The first stable release. The Elixir implementation is the canonical
package surface; the runtime is documented and live-verified across
the Anthropic model tier (haiku, sonnet, opus).

Bug fixes surfaced during pre-tag live verification against real
Anthropic. All four shipped past `mix verify` green; all four needed
live driving to surface. Adds a v1 audit document and a live-integration
test module.

- Fixed: streaming responses dropped every tool call. The adapter consumed
  the chunk stream via `tokens/1` + `Enum.reduce` for the realtime text
  delta, then called `tool_calls/1` on the now-depleted stream and got
  nothing.
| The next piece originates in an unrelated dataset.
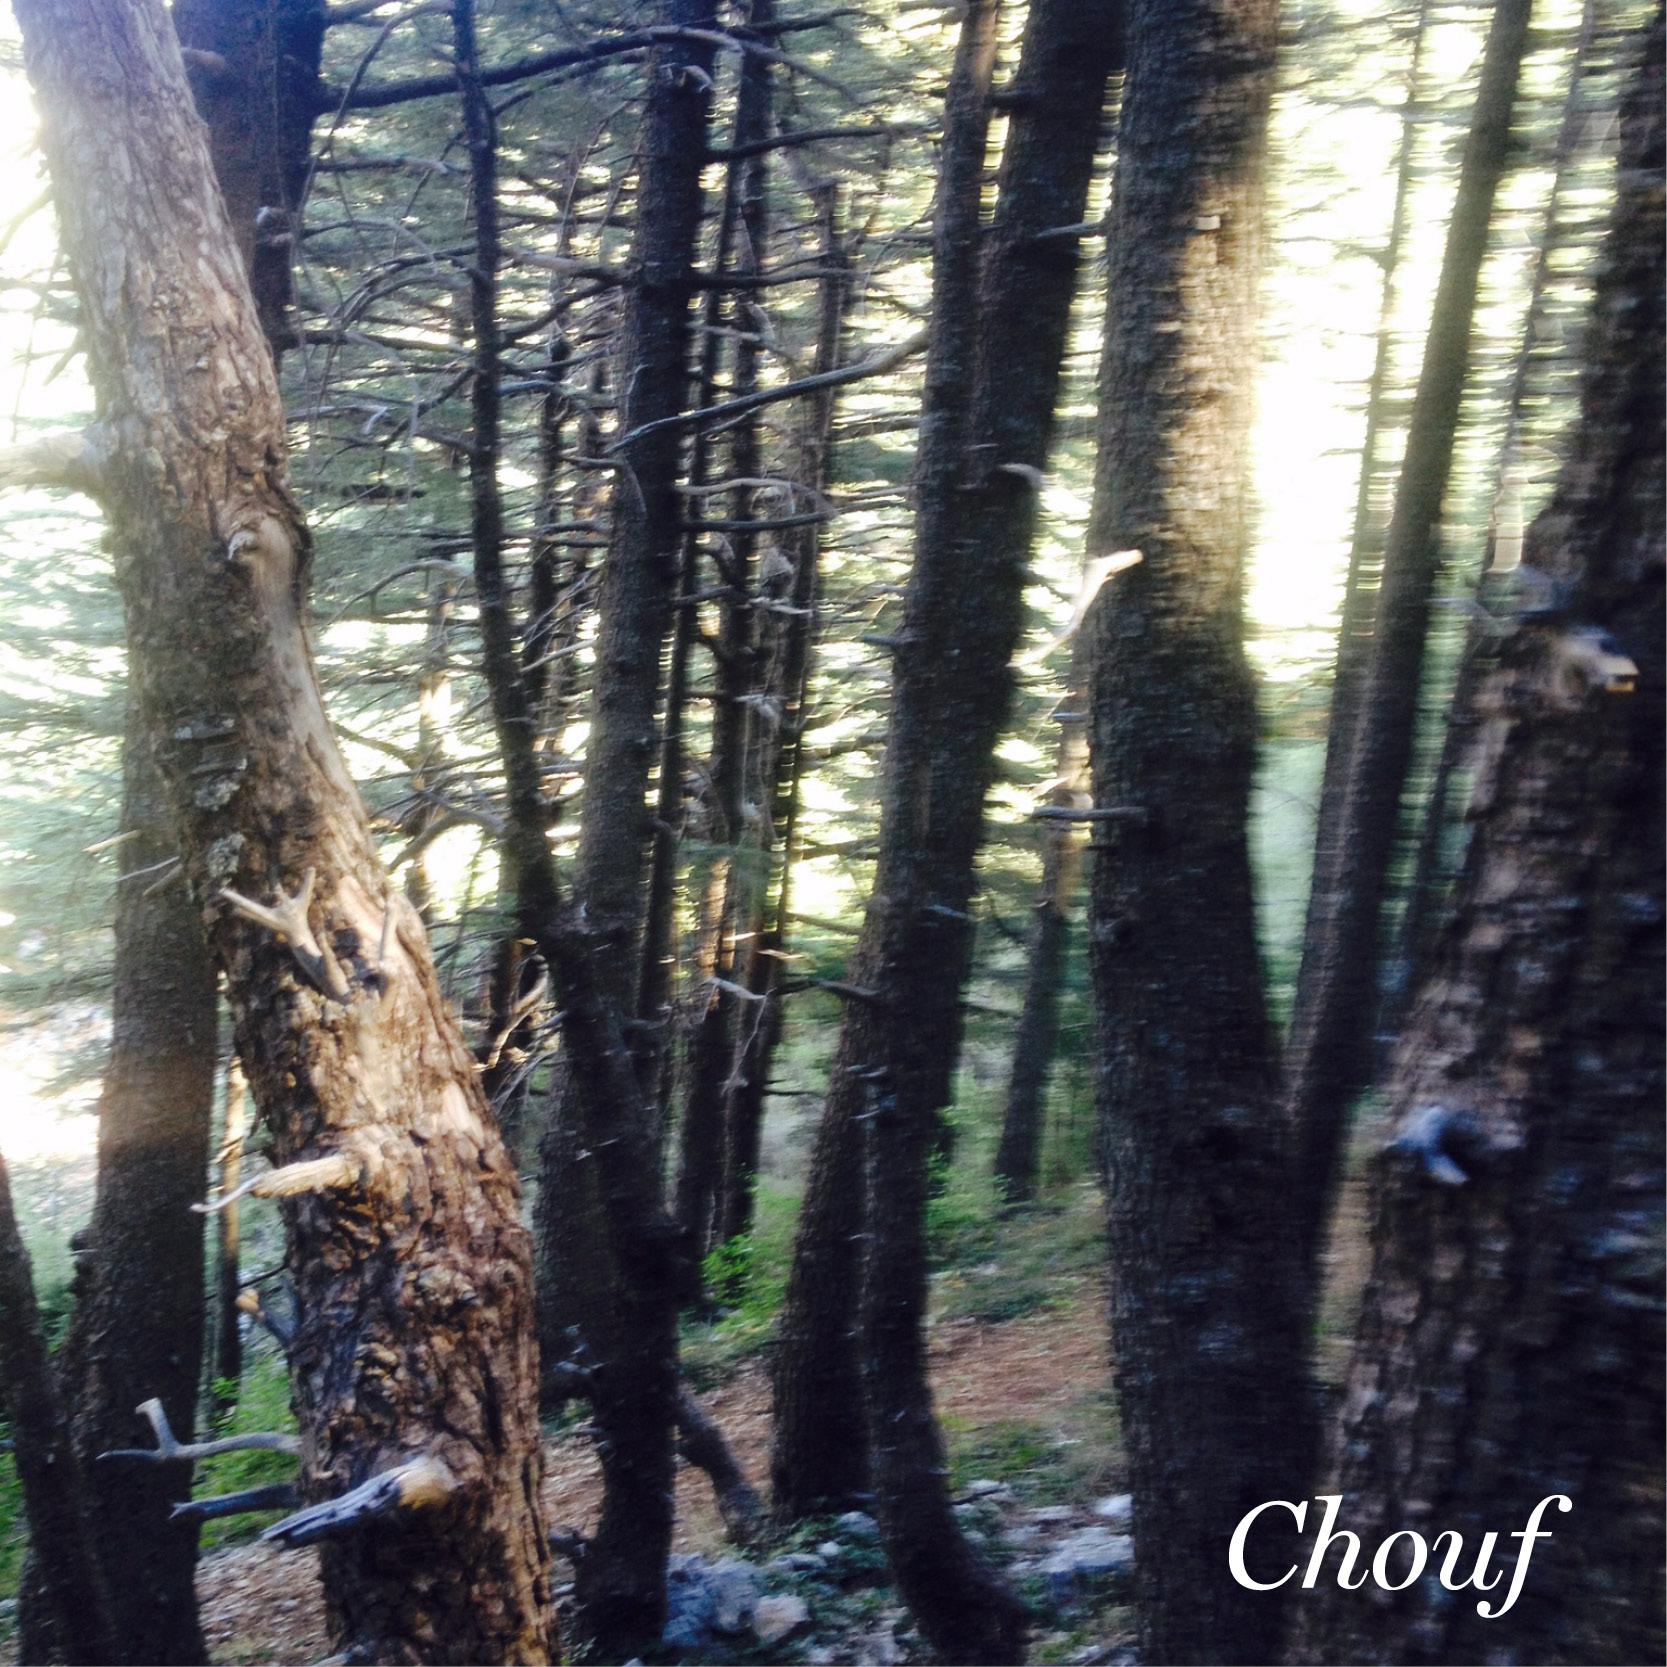 chouf lebanon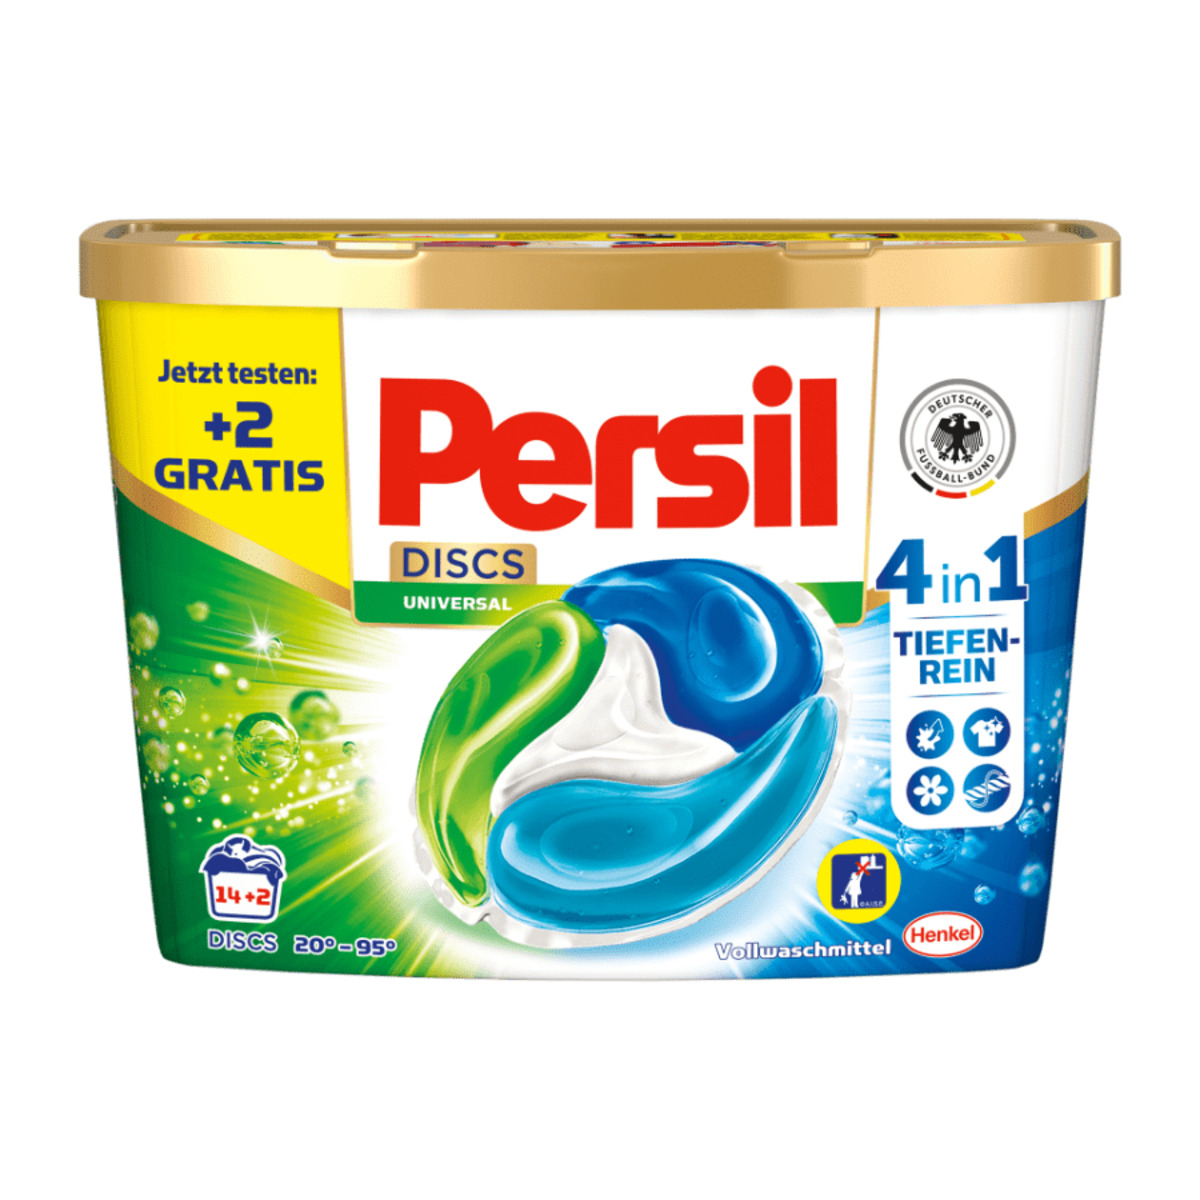 Bild 3 von Persil Discs

Switched to `ReqLLM.StreamResponse.process_stream/2`, the
  documented public API for streaming tool-using agents.
- Fixed: persistent entities (`Cantrip.summon` + `Cantrip.send`) lost
  every assistant turn across sends. The terminating branch of entity turn
  execution never folded the final assistant message into `state.messages`.
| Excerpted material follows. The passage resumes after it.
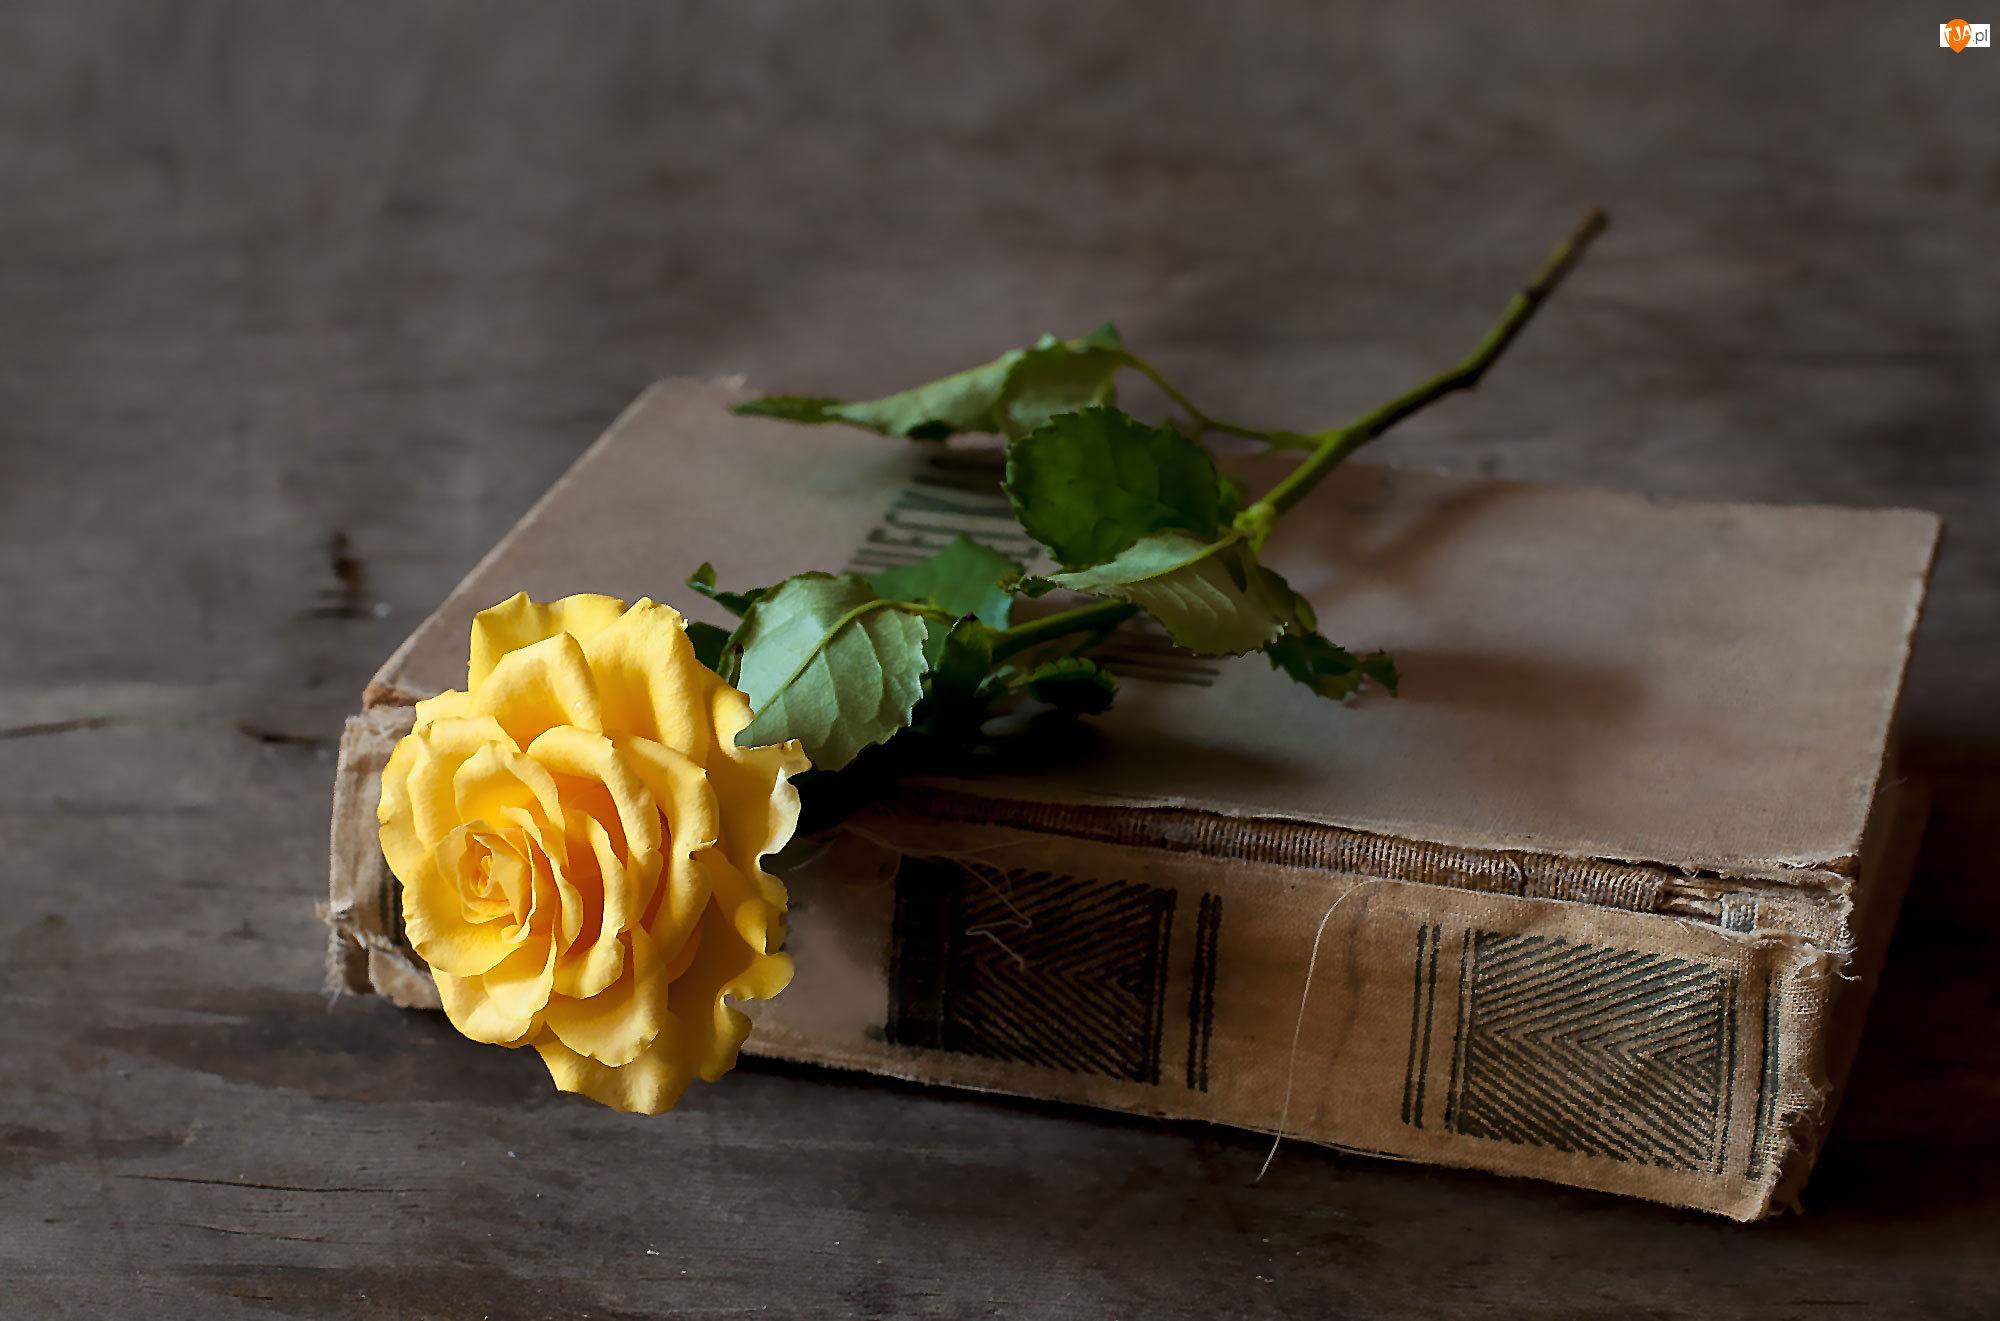 Żółta, Książka, Róża, Zniszczona

  The next send appended a user message to a history that still ended at the
  prior user message; the model saw a stack of users with no record of its
  own answers and anchored on the first prompt.
- Fixed: folding only preserved one leading `:system` message even though
  initial message construction can emit two (identity + capability text).
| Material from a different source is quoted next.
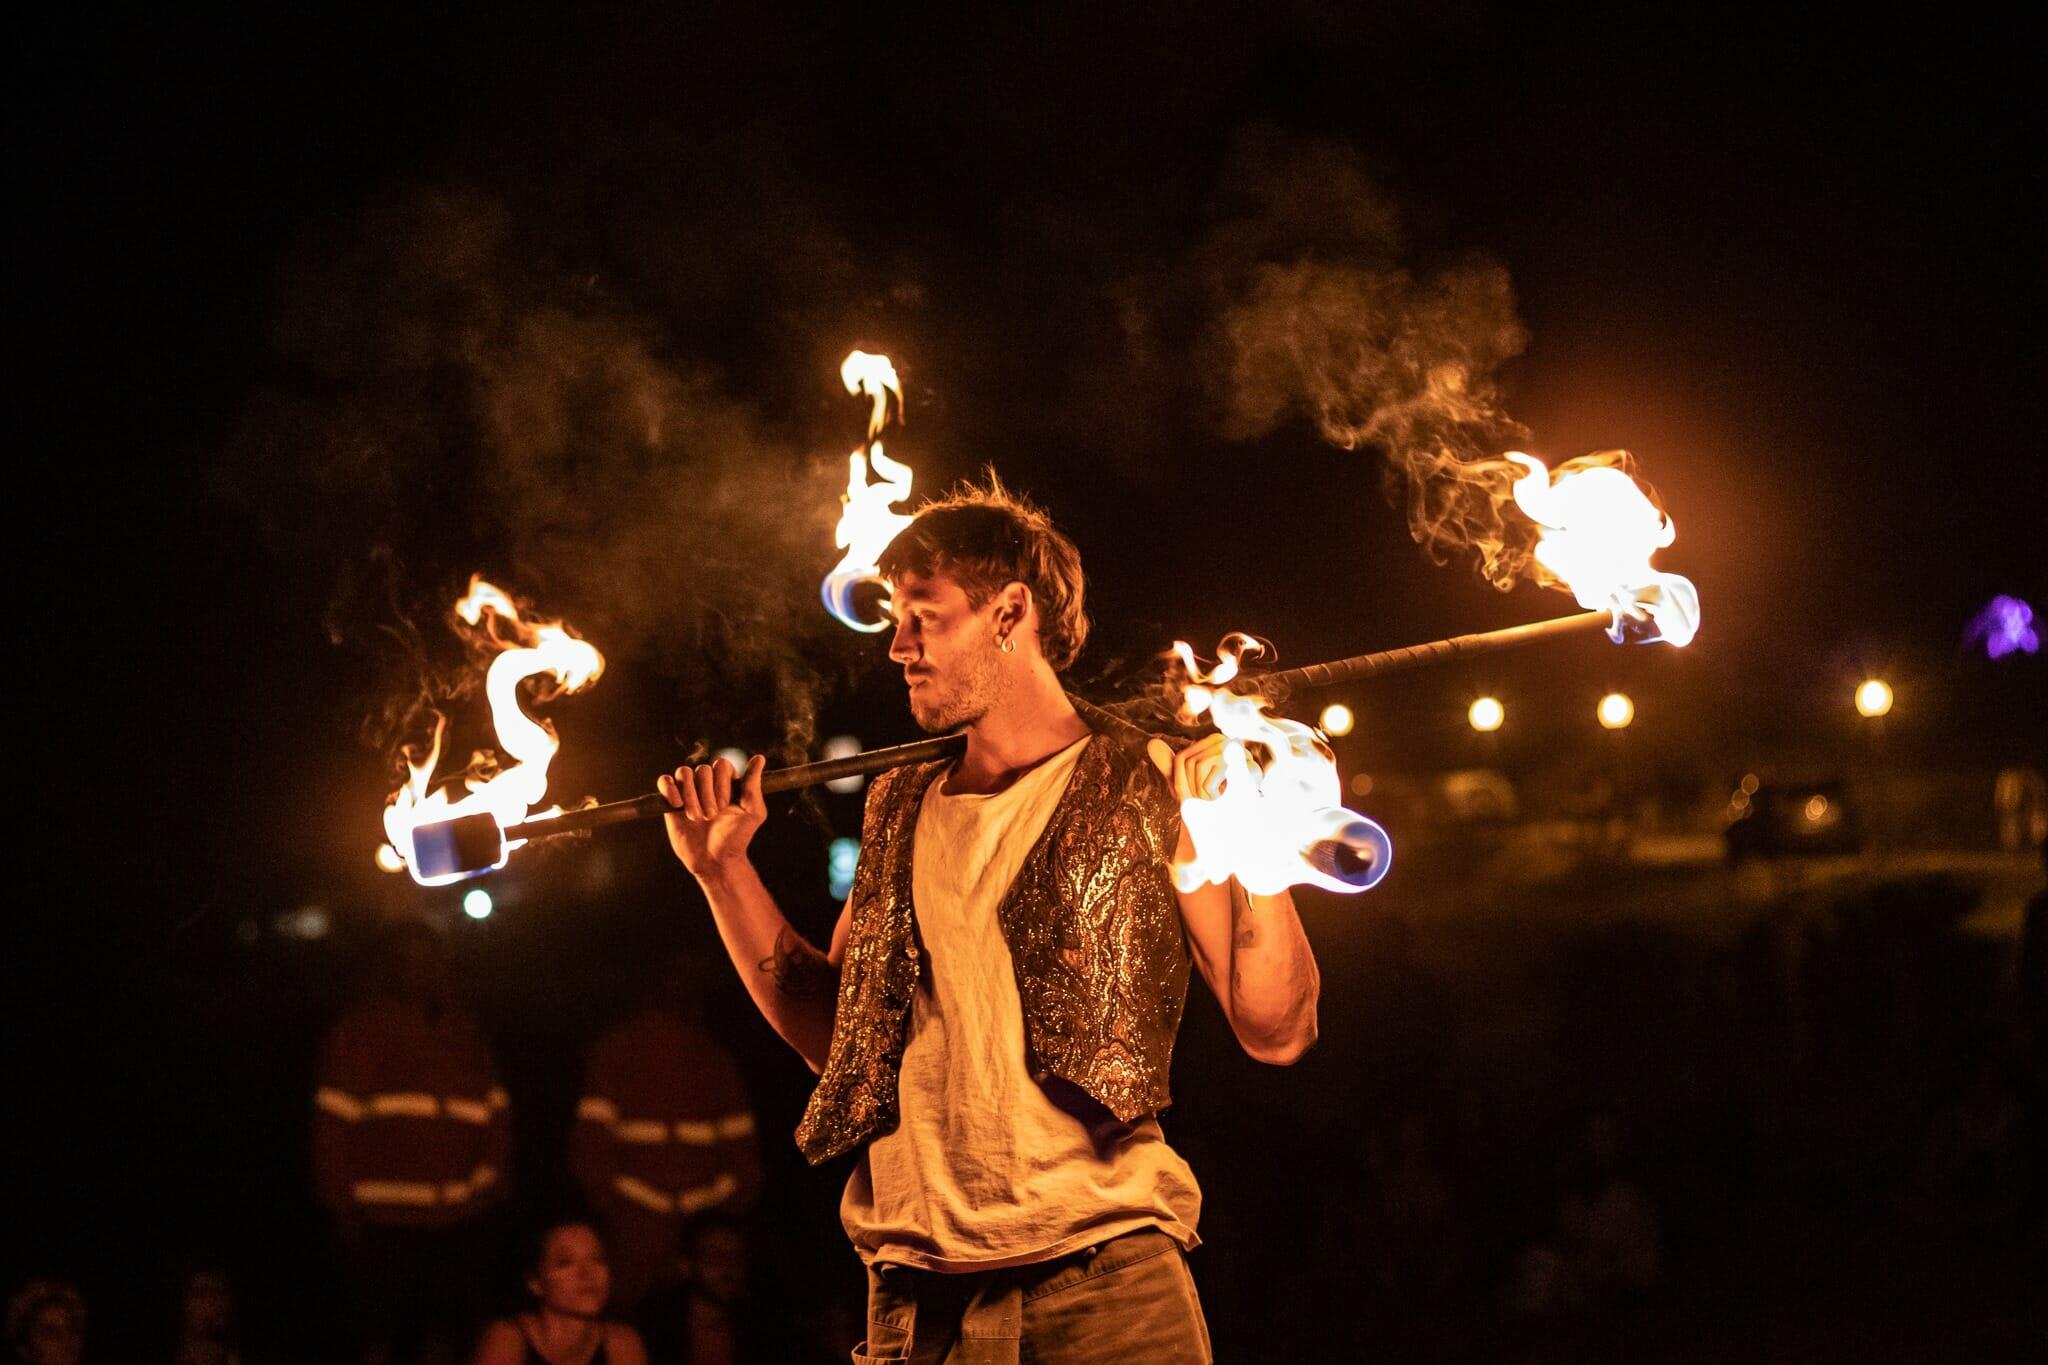 Nicola Colleoni Performarte – performer – fuoco – bastoni – wao festival

  On fold, the capability text dropped into the foldable body — over long
  sessions the entity would silently lose its medium physics instructions.
- Upgraded `req_llm` from `~> 1.9` to `~> 1.12`. v1.12's
  `agentjido/req_llm@9d790fd` removes the offending `intersperse` between
  Anthropic system content blocks. With the upstream encoder fixed, the
  local workaround introduced in c994878 was deleted.
- Added `test/live_anthropic_test.exs` covering code-medium sync,
  code-medium streaming, and conversation-medium tool-calling. Gated on
  `RUN_REAL_LLM_TESTS=1` via existing `Cantrip.Test.RealLLMEnv`.
- Added `docs/v1-audit.md` recording verified paths, uncertain paths,
  and bugs found and fixed during the pre-tag audit.

## 1.0.0-rc.1

- Made the Elixir implementation the only canonical package surface.
- Removed the old spec/conformance scaffold and replaced unique coverage with
  native ExUnit tests.
- Removed the compiled examples module and example Mix task; the notebook and
  tests are the teaching surface.
- Removed hand-written OpenAI-compatible, Anthropic, and Gemini adapters.
  Provider configuration now routes through ReqLLM via `Cantrip.LLM.from_env/1`.
- Removed DETS and Auto loom storage. Supported storage is memory, JSONL, and
  Mnesia.
- Removed `call_entity` and `call_entity_batch` gates. Composition now uses
  `Cantrip.new/1`, `Cantrip.cast/3`, and `Cantrip.cast_batch/2`.
- Removed the bare `read` gate. Use `read_file`, which validates paths against
  the configured root.
- Reduced Mix task surface to `mix cantrip.cast` and `mix cantrip.familiar`.
- Made Familiar ACP the default ACP runtime.
- Made Familiar hot-loading opt-in with `evolve: true`.
- Replaced process/cutover docs with package docs: README, CONTRIBUTING,
  DEPLOYMENT, architecture, signer-key runbook, and changelog.
- Added public API and v1 migration guides to the packaged ExDoc extras.
- Added the safe port code medium. `sandbox: :port` evaluates LLM-written
  Elixir through Dune in a child BEAM process while gates, child cantrip API
  calls, stdio, loom grafting, telemetry, provider access, and hot-load policy
  stay in the parent.
- Added `port_runner` for launching that child through a deployment-provided
  OS/container sandbox.
- Made the Familiar default to the safe port code medium. Raw child-BEAM
  evaluation remains available as `sandbox: :port_unrestricted`; the old
  host-BEAM evaluator remains available as `sandbox: :unrestricted` for
  trusted local development.
- Added `docs/port-isolated-runtime.md` to document the implemented isolation
  boundary and remaining deployment responsibilities.